Classification of integrals not expressible in elementary functions?

Question

Let's consider the smallest set of functions (with real coefficients) closed under addition, multiplication, division, root extraction, and finite compositions containing

• constants
• exponential and logarithmic functions
• trigonometric functions and their inverses

This set is generally known as "elementary functions". It is known that they are closed under all algebraic operations and differentiation, but not closed under inversion and not closed under integration (+infinite sums).

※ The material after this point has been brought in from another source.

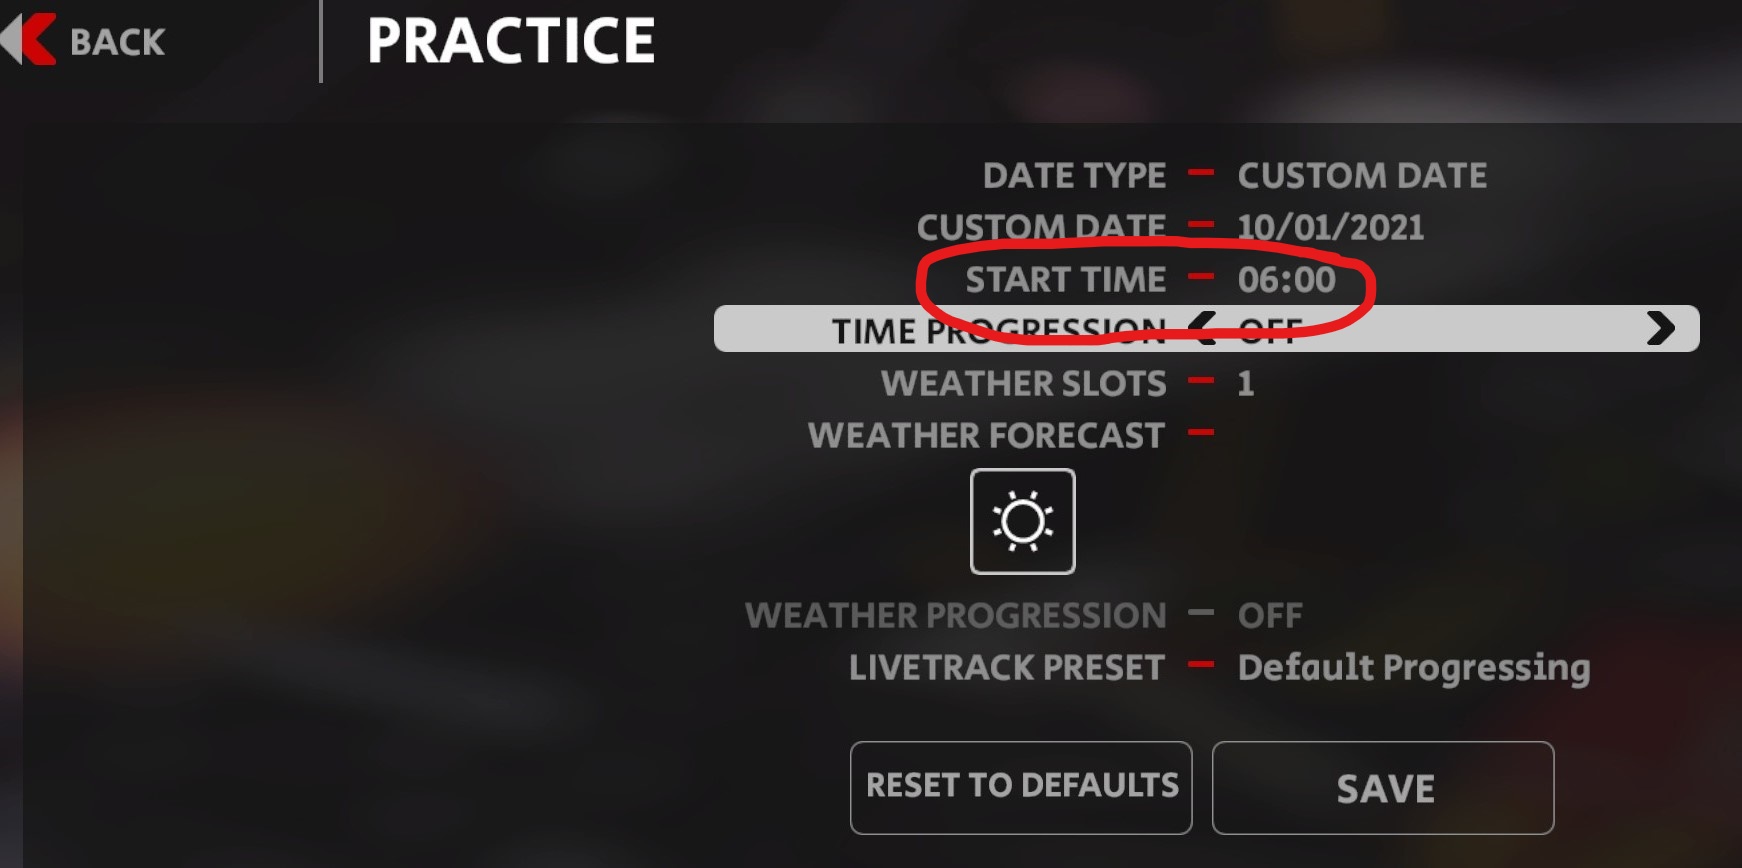 Allow minutes as input for start time.jpg

I am wondering if there is any classification, with a proof, of indefinite integrals (antiderivatives) not expressible in elementary functions. If so, we can introduce a minimal number of special functions to integrate elementary functions (once, not repeatedly).

Also, I am not sure about the appropriate tags for this question that are capable of attracting people specialized in related areas. You are welcome to edit accordingly.

Answer 1

You are talking about 'differential galois theory' or 'the galois theory of (linear) differential equations.' A quick glance at "filter" didn't seem to show any appropriate tags.You could start by looking up those terms in Wikipedia where you will find a bibliography with several fairly recent books.

Answer 2

Just as in classical Galois theory one can classify exactly when a root can be written in terms of the 'elementary' operations $+,-,*,/,\sqrt[n]{}$, once can use Differential Galois theory to analyze when various solutions to differential equations can be written in terms of elementary functions. Since indefinite integration and solving differential equations are equivalent, this allows us to prove when an elementary antiderivative does not exists. For example, this paper proves that the Gaussian is such a function.